Apollo3Blue I2S via hardware pattern generator

In my last article I had described the capabilities of Apollo3Blue generating pattern in hardware: http://blog.io-expert.com/hardware-generated-pattern-with-apollo3blue

In this article I will go a step deeper inside implementing a full protocol for driving audio: I2S.

In general I2S is used to transfer left and right channel data in a 16-bit PCM format for each channel with a SPI like synchronous transfer. To sync between left and right channel, a word select line toggles every 16-bit. A little specialty of I2S is the requirement of one clock shift for word select line:

In theory it is possible to run three synchronized timers in parallel to generate the bit-clock, word-select clock and one timer for data pattern generation, but I2S needs a multiple of the sample frequency which is sometimes not possible with internal dividers and would require an external osciallator with special frequencies (for example 1.4112MHz). With the used codec STGL5000 it is possible to generate a clock between 8 and 27MHz for the codecs main clock input used by the internal PLL to generate conform BCLK frequencies of FS*16*2 (FS for example 44.100KHz = 1.4112MHz).

Apollo3Blue has the possibility to output the divided HFRC clock of 48MHz. If divided by 4, the resulting 12MHz are a perfect match for the STGL5000 PLL input. One timer (B0) is used to sync on the word select clock and a second timer configured as pattern generator is triggered by the synchronized word-select timer (B0).

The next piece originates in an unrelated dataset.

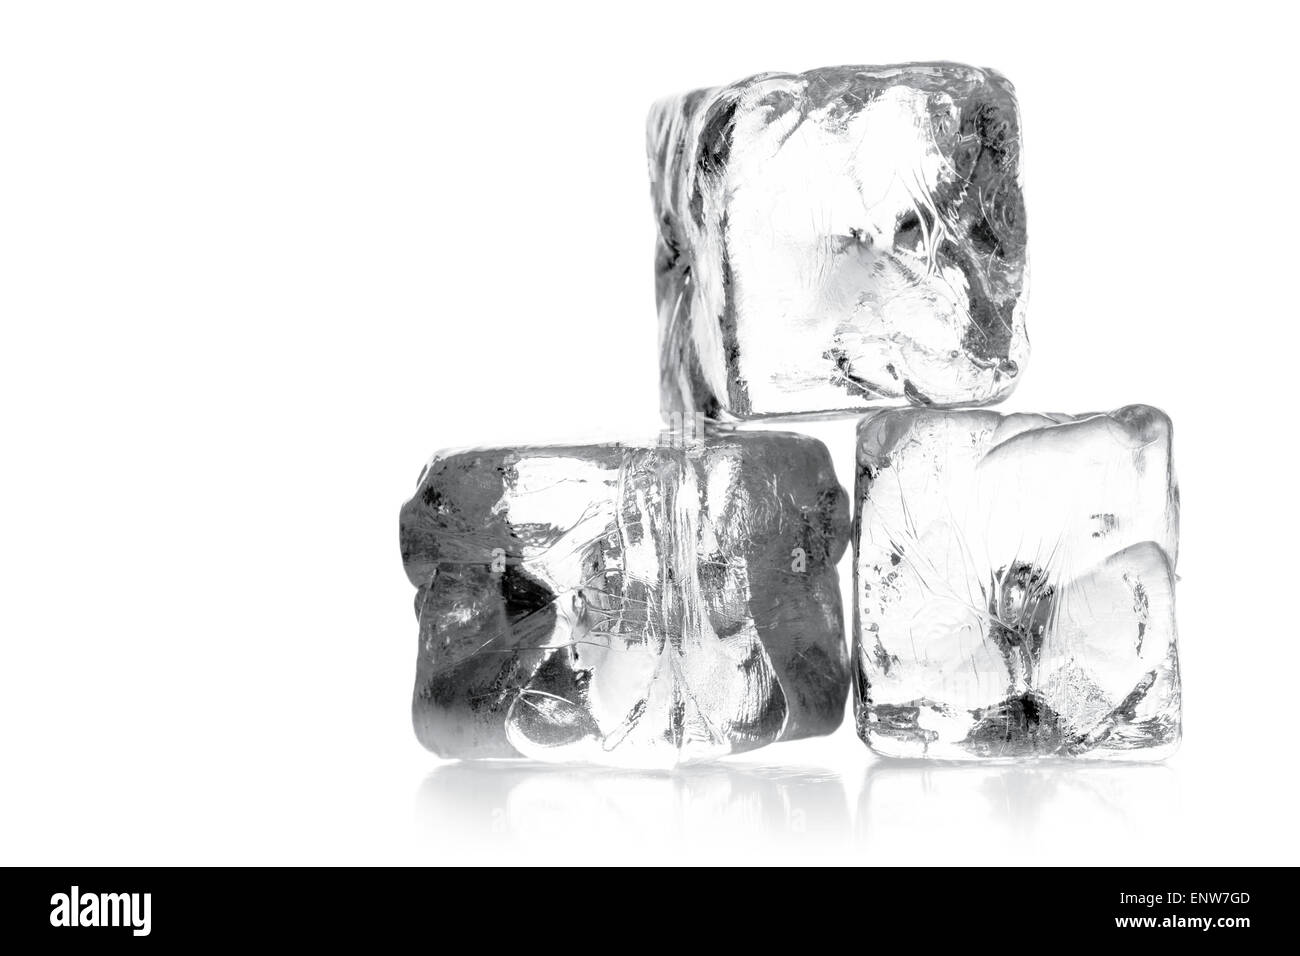 Heap of three ice cubes over white background Stock Photo

The resulting data looks like following timing diagram

In software the 12MHz generation can be done by a few lines of code

//select HFRC divided by 4
CLKGEN->CLKOUT_b.CKSEL = CLKGEN_CLKOUT_CKSEL_HFRC_DIV4;
//enable clock-out generation
CLKGEN->CLKOUT_b.CKEN = 1;
//unlock pad configuration
GPIO->PADKEY = 0x73; 
//select PAD7 for clock output
GPIO->PADREGB_b.PAD7FNCSEL = GPIO_PADREGB_PAD7FNCSEL_CLKOUT;
//lock  pad configuration
GPIO->PADKEY = 0; 

Now the codec can be initialized to use work as master with PLL input

//
// Reset codec
//
Stgl5000_I2C_write(CHIP_CLK_CTRL, 0);       // writing reset value
Stgl5000_I2C_write(CHIP_I2S_CTRL, 0x0008);  // writing reset value
Stgl5000_I2C_write(CHIP_DIG_POWER, 0);      // writing reset value
Stgl5000_I2C_write(CHIP_LINREG_CTRL,0);     // writing reset value
Stgl5000_I2C_write(CHIP_ANA_POWER, 0x7060); // writing reset value
 
delay(400);

//
//  Init codec
//
Stgl5000_I2C_write(CHIP_ANA_POWER, 0x4060);  // VDDD is externally driven with 1.8V
Stgl5000_I2C_write(CHIP_LINREG_CTRL, 0x006C);  // VDDA & VDDIO both over 3.1V
Stgl5000_I2C_write(CHIP_REF_CTRL, 0x01F2); // VAG=1.575, normal ramp, +12.5% bias current
Stgl5000_I2C_write(CHIP_LINE_OUT_CTRL, 0x0F22); // LO_VAGCNTRL=1.65V, OUT_CURRENT=0.54mA
Stgl5000_I2C_write(CHIP_SHORT_CTRL, 0x4446);  // allow up to 125mA
Stgl5000_I2C_write(CHIP_ANA_CTRL, 0x0137);  // enable zero cross detectors
Stgl5000_I2C_write(CHIP_ANA_POWER, 0x44FF); // power up: lineout, hp, adc, dac
Stgl5000_I2C_write(CHIP_ANA_POWER, 0x45FF); // power up: lineout, hp, adc, dac
Stgl5000_I2C_write(CHIP_PLL_CTRL,(15 << 11) | (108 << 0)); // writing PLL settings for 12MHz input
Stgl5000_I2C_write(CHIP_DIG_POWER, 0x0073); // power up all digital stuff

delay(400);

Stgl5000_I2C_write(CHIP_LINE_OUT_VOL, 0x1D1D); // default approx 1.3 volts peak-to-peak
Stgl5000_I2C_write(CHIP_CLK_CTRL, 0x0007);  // 44.1 kHz, PLL
Stgl5000_I2C_write(CHIP_I2S_CTRL, 0x01B0); // SCLK=32*Fs, 16bit, I2S format, master mode
Stgl5000_I2C_write(CHIP_SSS_CTRL, 0x0050); // ADC->I2S, I2S->DAC
Stgl5000_I2C_write(CHIP_ADCDAC_CTRL, 0x0000); // disable dac mute
Stgl5000_I2C_write(CHIP_DAC_VOL, 0x3C3C); // digital gain, 0dB
Stgl5000_I2C_write(CHIP_ANA_HP_CTRL, 0x3C3C); // set volume to 0dB (0x7F7F = lowest level)
Stgl5000_I2C_write(CHIP_ANA_CTRL, 0x0036);  // enable zero cross detectors
Stgl5000_I2C_write(CHIP_ANA_CTRL, 0x0026);  // enable HP

The resulting output of the codec shows the bit-clock output (red) and the word select output (yellow)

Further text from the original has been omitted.